Correlation or Regression — Which Test Should I Use?
Correlation and regression are both statistics that examine relationships among variables, but they have different applications and are often misused.
No doubt most people have seen graphs with scattered data points bordered by a vertical measurement scale (conventionally called y-axis) and a horizontal measurement scale (x-axis). Each point represents an individual item in which measurements of the two variables are indicated in the scatter diagram.
The paired variables may be sales of a product and advertising expenditure, or height and weight of children. So if you measure the height and weight of each child in a classroom and plot the data on a scattergram, you will have a visual description of the relationship of the two variables.
Correlation Analysis
A scattergram also allows you to predict the values of one variable (e.g. height) from information on the other variable (e.g. weight). But how confident you are in making that prediction is dependent on the strength of the association between the variables. Correlation analysis is a statistics used to measure this strength.
Only when two variables are found to associate (or correlate) statistically that the information is deemed useful in making a prediction. But it is important not to assume that values of one variable (e.g. body height) are caused by variations in the other variable (e.g. body weight).
Regression Analysis
There are times, however, that it is reasonable to suggest that one variable might be responsible in causing the other variable to change. For example, exercise increases our heart rate, but not the other way round. Therefore heart-rate change is dependent on exercise (e.g. jogging). In this example, heart rate is appropriately termed the dependent variable and jogging is the independent variable.
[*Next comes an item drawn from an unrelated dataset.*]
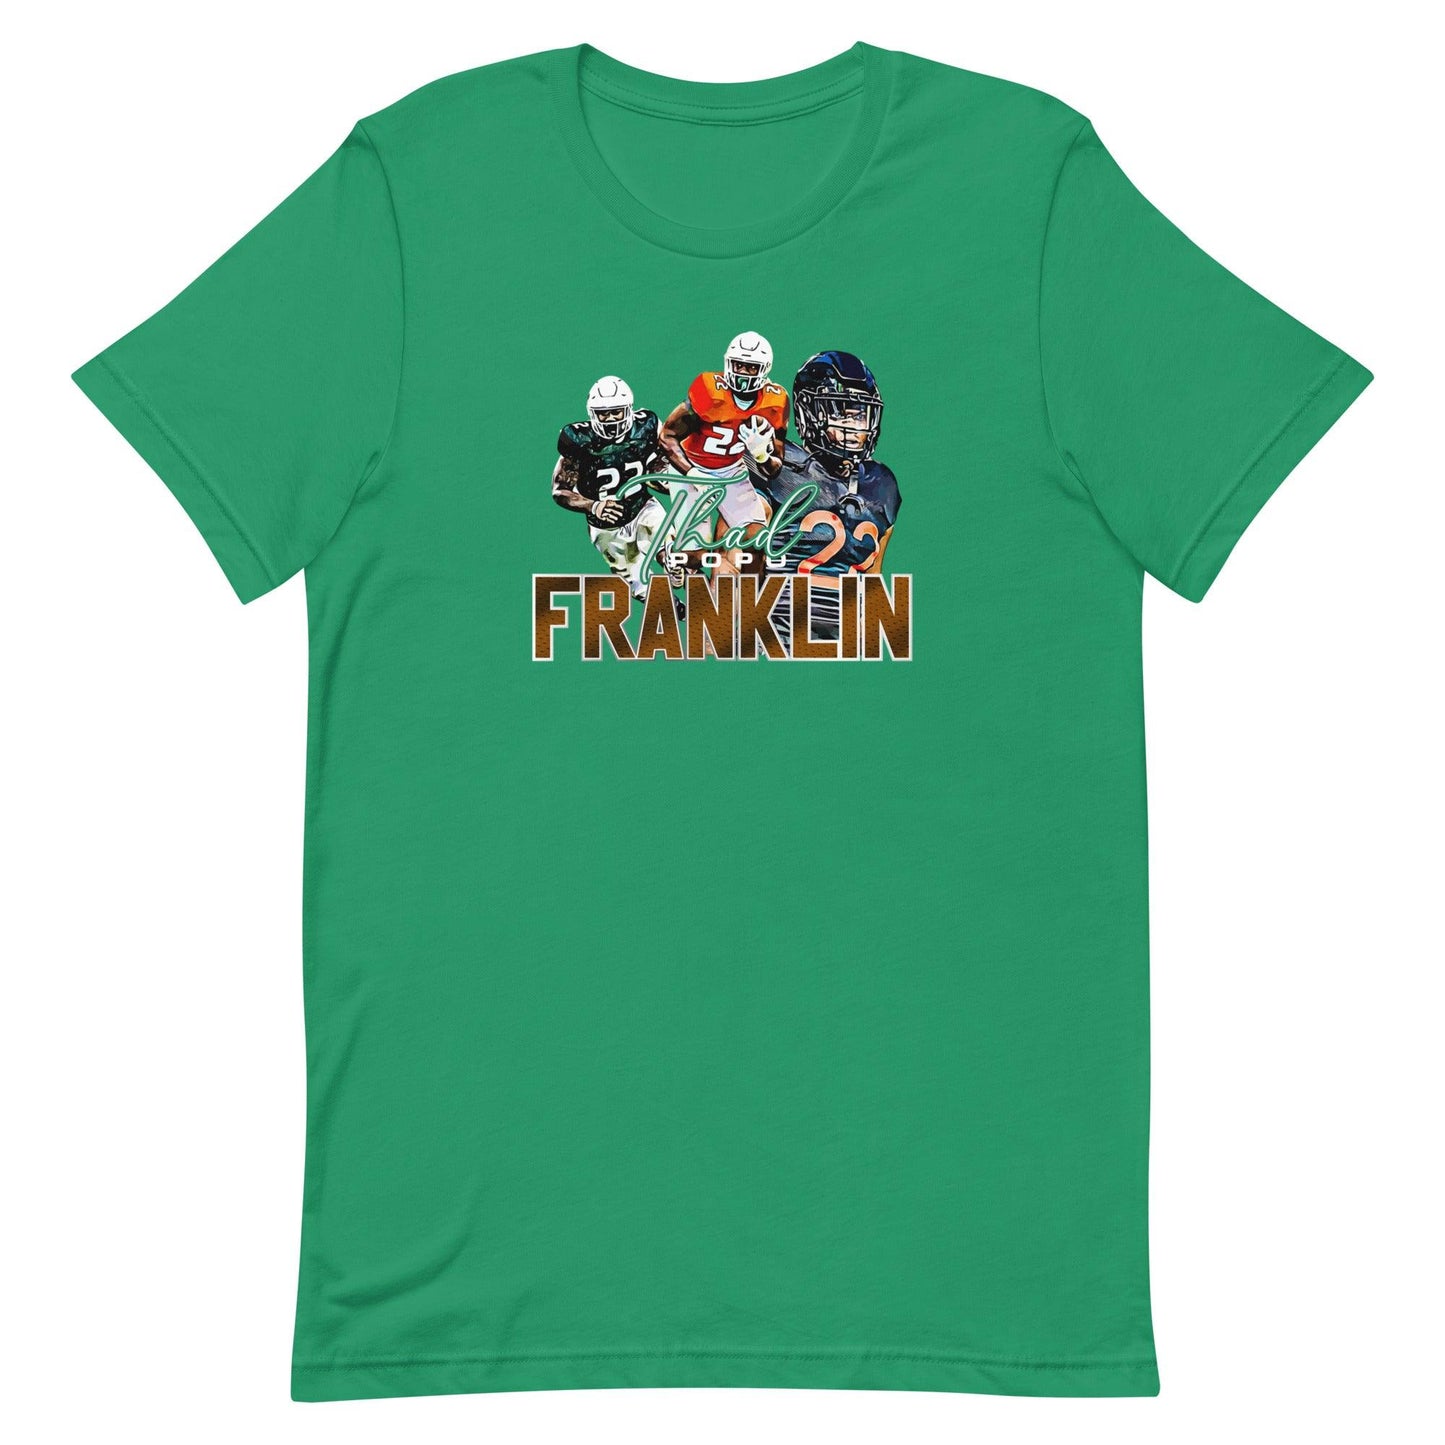 Thad Franklin "Limited Edition" t-shirt - Fan Arch

When dependent and independent variables are involved, the degree of association between variables is determined by regression analysis. On a scattergram, the dependent variable (measured as number of heartbeats per minute) is represented by the y-axis and the independent variable (distance jogged) by the x-axis. If the relationship is found by regression analysis to be significant, then a line (or slope) representing the average spread of data is drawn through the scattered points to show the relationship.
Main Difference Between the Two Types of Statistics
In correlation, by contrast, either variable can be on the y- or the x-axis because the analysis does not assume one variable is dependent on the other. This is the main difference between the regression and correlation: the former involves dependent and independent variables (or cause and effect), and the latter does not.
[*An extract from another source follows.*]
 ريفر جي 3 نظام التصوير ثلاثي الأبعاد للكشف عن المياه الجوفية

It is sometimes difficult to determine whether values of one variable are dependent upon the values of another variable. For example, it may be expected that sales on a product are dependent on how much advertising is done. But then again, the amount of advertising a company allocates may depend on the sales revenue. If in doubt, always use correlation rather than regression; which variable(s) are dependent and which are independent must be obvious or justified before using regression.
In the heart rate/jogging example, there is little doubt that jogging affects heart rate, and regression analysis may be used to determine how strong this effect is (as opposed to correlation analysis which determines how strongly two variables vary together).
Various Regression and Correlation Tests
Although linear regression and correlation (straight-line description of the average relationship) involving two variables are probably the most common statistics used, regression and correlation can also be curvilinear (curved) and involve three or more variables.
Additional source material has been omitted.